And finally, for the area below the curve less than 5, we can see that the result of the cdf is almost 1.

6\. Cumulative distribution function examples
---------------------------------------------

02:05 - 02:28

We've seen that if you calculate norm dot cdf for -1 you get 0.15. If you want to know how probable it is to get a value less than 0.5, you can do that with norm dot cdf too: in this case the probability is 0.69.

7\. The percent point function (ppf)
------------------------------------

02:28 - 03:07

If instead you want to know the value where a given probability is accumulated, you use the percent point function, norm dot ppf. Notice the direction of the arrows from probability to values in the plot. For example, if you want to calculate the value in a normal distribution with a 0.2 probability of occurring, you use norm dot ppf of 0.2 and you get -0.8416. For 0.55 probability, you get 0.1256.

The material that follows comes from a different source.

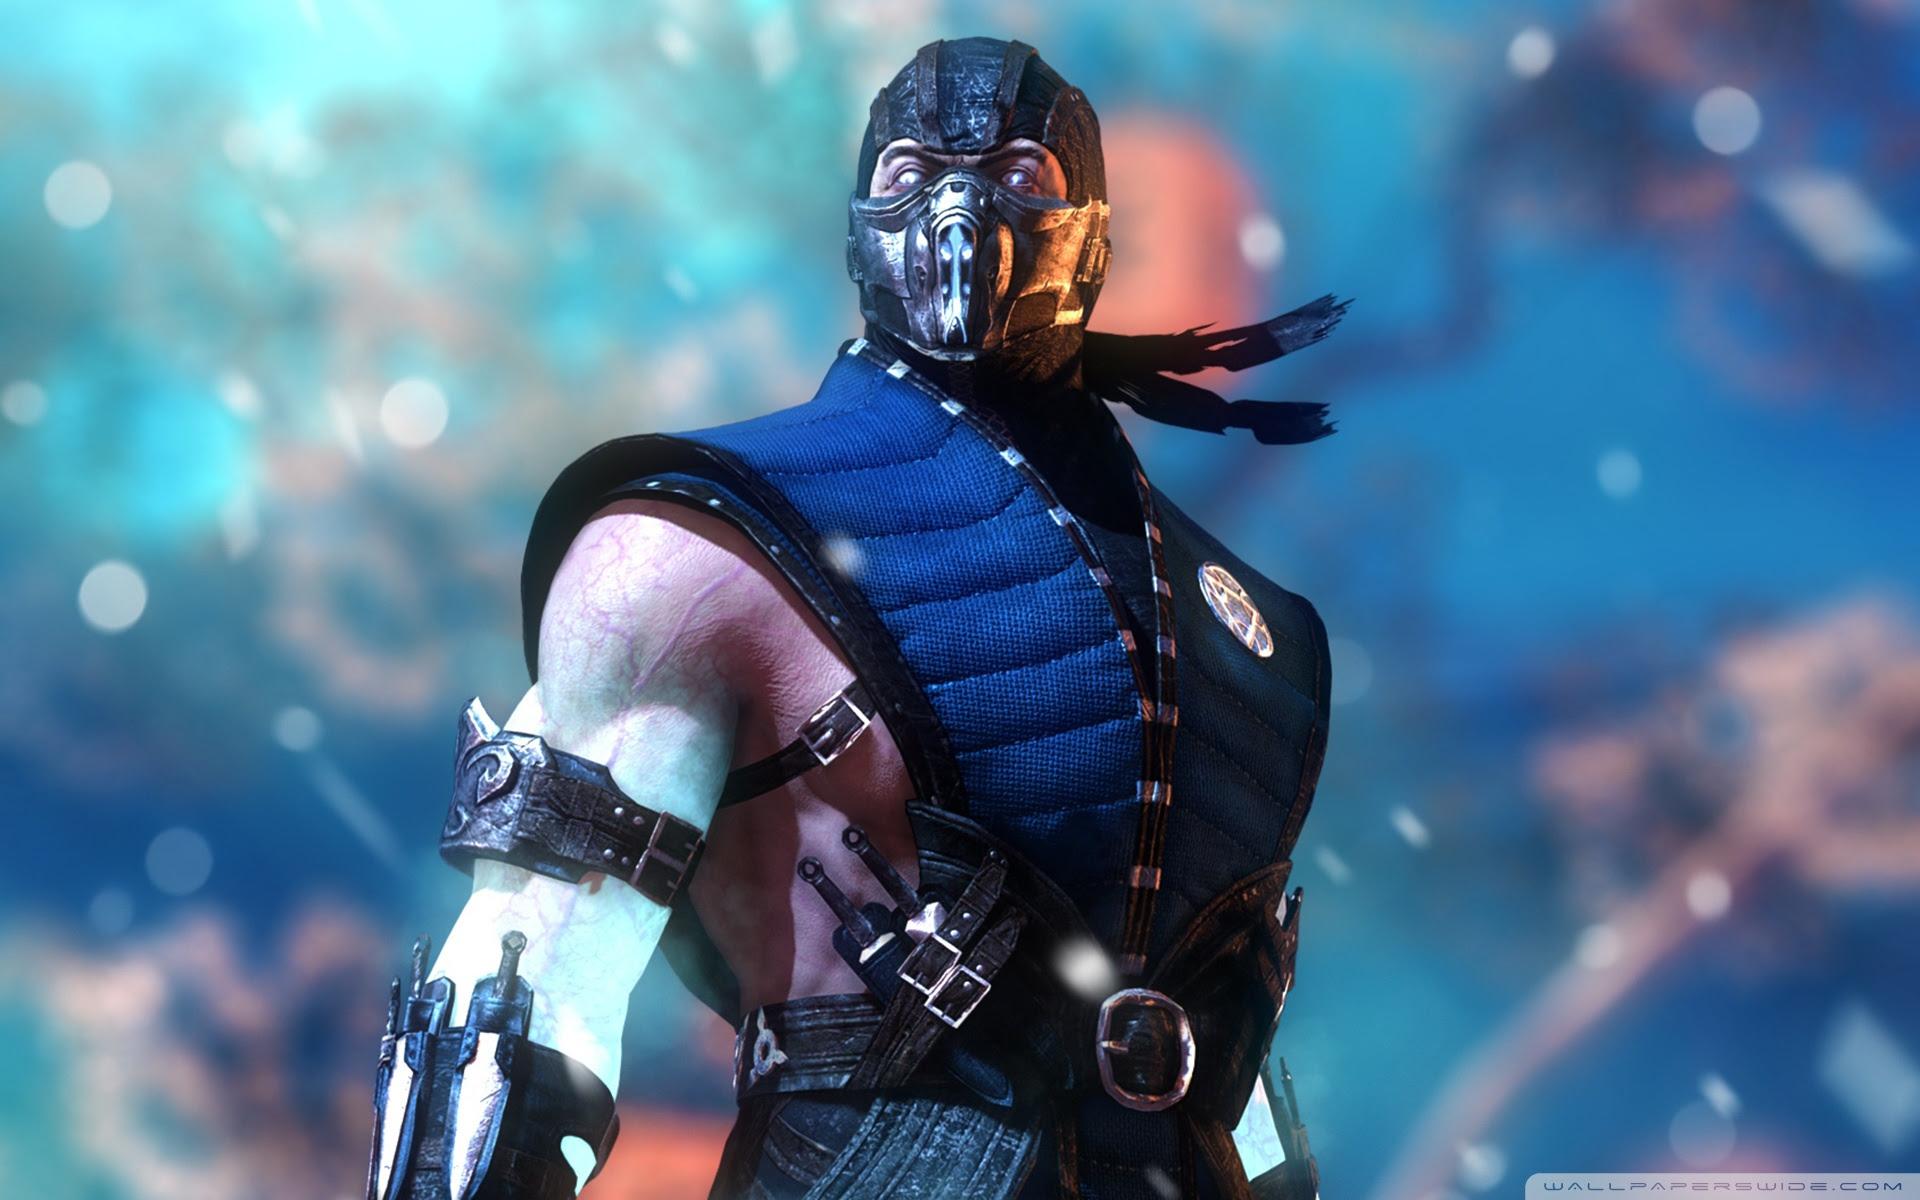 Mortal Kombat X Ultra Hd Desktop Background Wallpaper For 4k Uhd
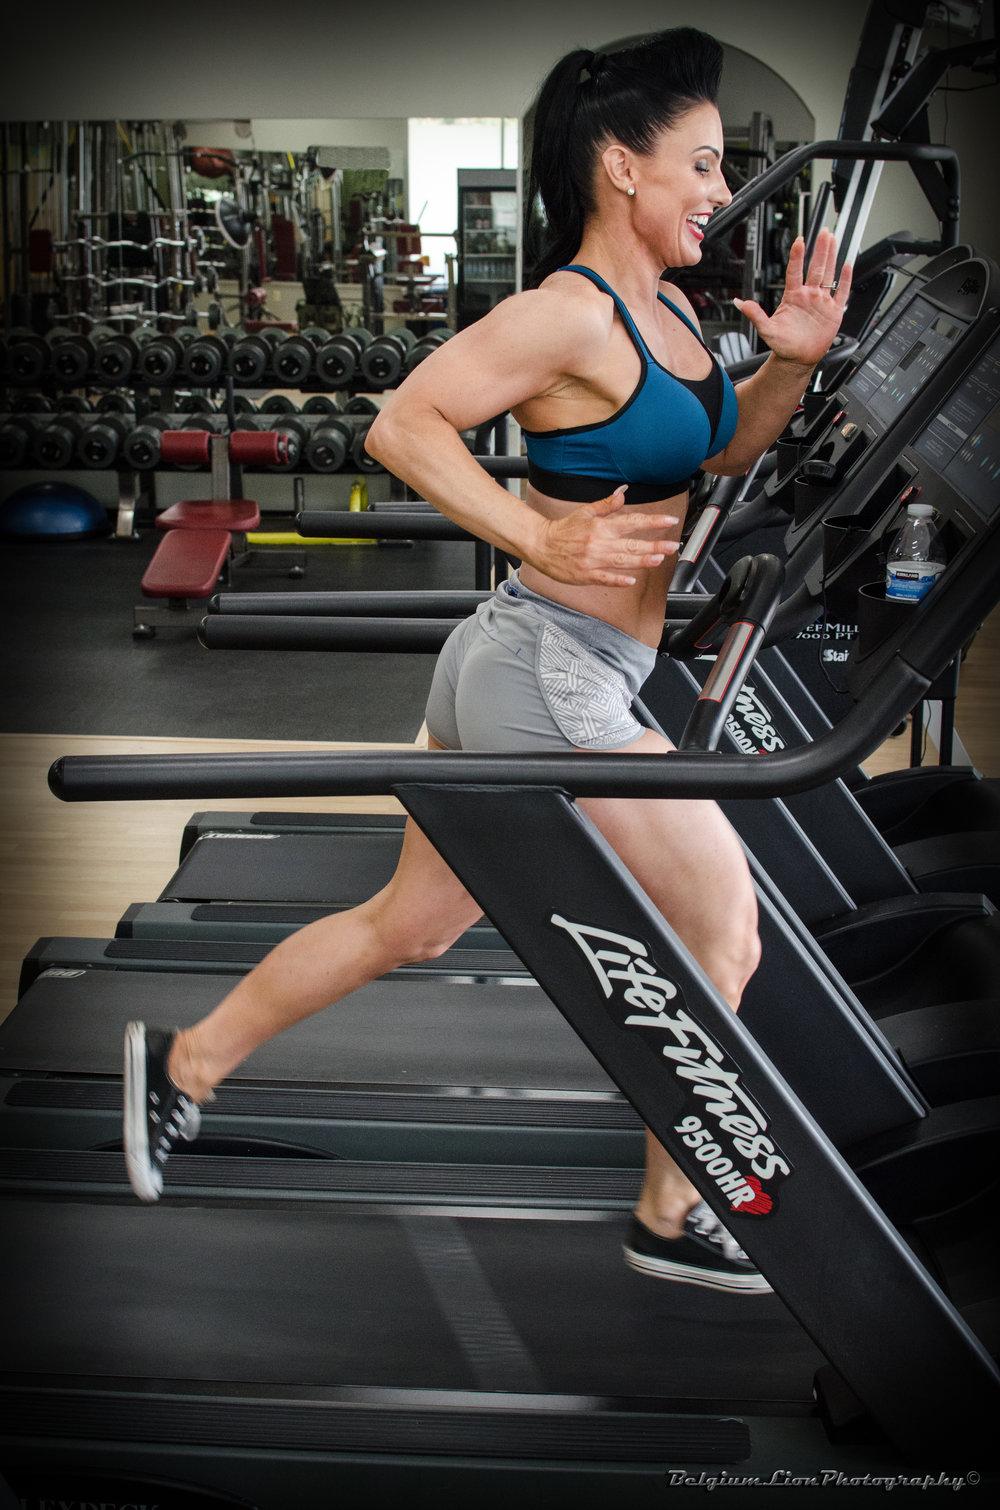 Burn that fat- Step it up cardio program

8\. ppf() is the inverse of cdf()
---------------------------------

03:07 - 03:22

As you've seen, we can take values and get probabilities with norm dot cdf and we can take probabilities to get values with norm dot ppf. One is the inverse of the other.

9\. Probability between two values
----------------------------------

03:22 - 03:36

If we want the probability of getting a value between -1 and 1, we take the value of cdf for 1 and subtract the value for -1, and we get 0.68.

10\. Tail probability
---------------------

03:36 - 03:59

If we instead want the probability of a random variable being greater than a given value, we can use norm dot sf with the desired value. sf stands for survival function, which is the complement of the cdf. The probability of getting a value greater than 1 is 0.15.

11\. Tails
----------

03:59 - 04:16

What if we want to calculate the probability of getting a value less than -2 and greater than 2? We just add the probabilities of each tail using cdf and sf.

12\. Tails (Cont.)
------------------

04:16 - 04:28

The result is 0.045, which means there's only a 4.5% probability of a value being two standard deviations away from the mean. Tail probabilities are important to study extreme events.

13\. Intervals
--------------

04:28 - 04:50

Finally, if we want to know the interval where any given probability concentrates, we can use norm dot interval and specify the probability. For 0.95, we get -1.95 and 1.95.

14\. On to some practice!
-------------------------

04:50 - 04:53

Now let's calculate some normal probabilities.

Restaurant spending example
===========================

Let's go back to the example of the restaurant chain that has been collecting data about customer spending. Recall that the data shows that the spending is approximately normally distributed, with a **mean of 3.15** and a **standard deviation of 1.5** per customer, as pictured in the plot.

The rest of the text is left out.